The admonition looks rougher, set down in black and white, than it sounded. Dinah’s face grew animated.
‘I know that to be useful in any way would do me good. Long ago I should have liked district-visiting in England, only you see’—hesitating—‘we never stop long enough to explain ... I mean, for the clergyman of the place quite to know about one.’
Her tone was tentative. She had an uneasy dread that young women who marry men above them in rank are likely, if ‘unexplained,’ to be suspect in orthodox eyes. In their early married days she recollected a visit paid to them by a seaside curate with a subscription-list, recollected the seaside curate’s glance when Gaston introduced her, with her country speech and manners, as ‘my wife.’

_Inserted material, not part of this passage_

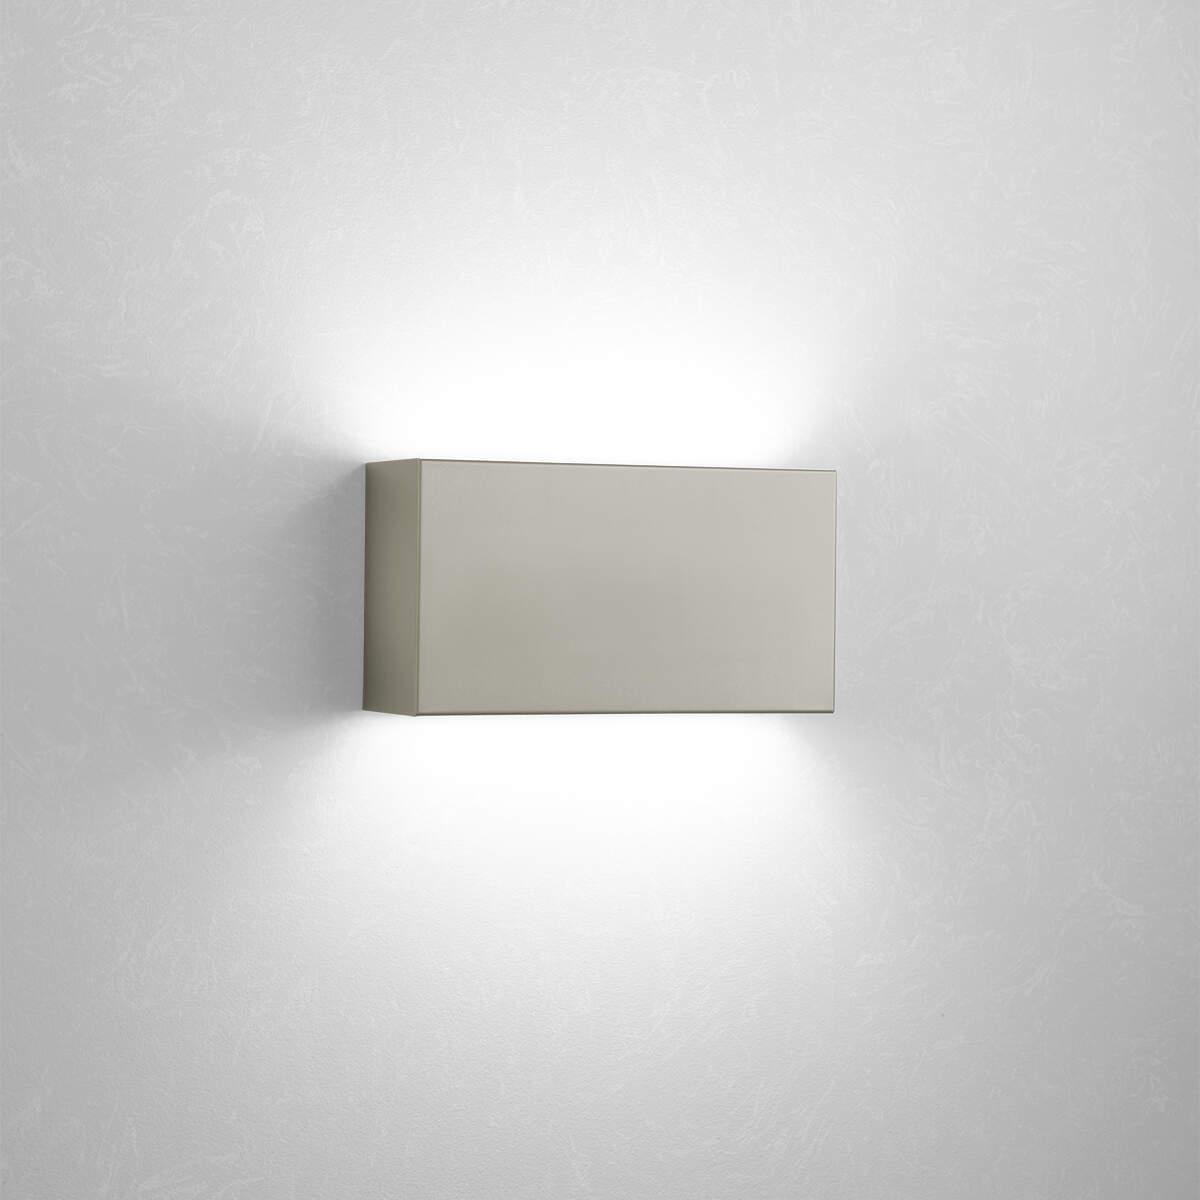 A box-like linear wall sonce with uplight and downlight

And Dinah’s being the order of mind that generalises, for ever after, from one experience, that glance haunted her still, an uncomfortable reminder as to the likely sentiments of the clergy at large regarding herself.
‘Not long enough to explain! I don’t catch your meaning. What on earth has any clergyman in England to do with you, Dinah Arbuthnot? Could you not feel for miserable people, work for them, serve them heartily, although you travelled round the country, a heathen, in a caravan, although you had never spoken to a clergyman in your life!’
‘I want some one to show me the way,—that is another weakness of my character,—I want some one to show me the way in everything good, Geff.’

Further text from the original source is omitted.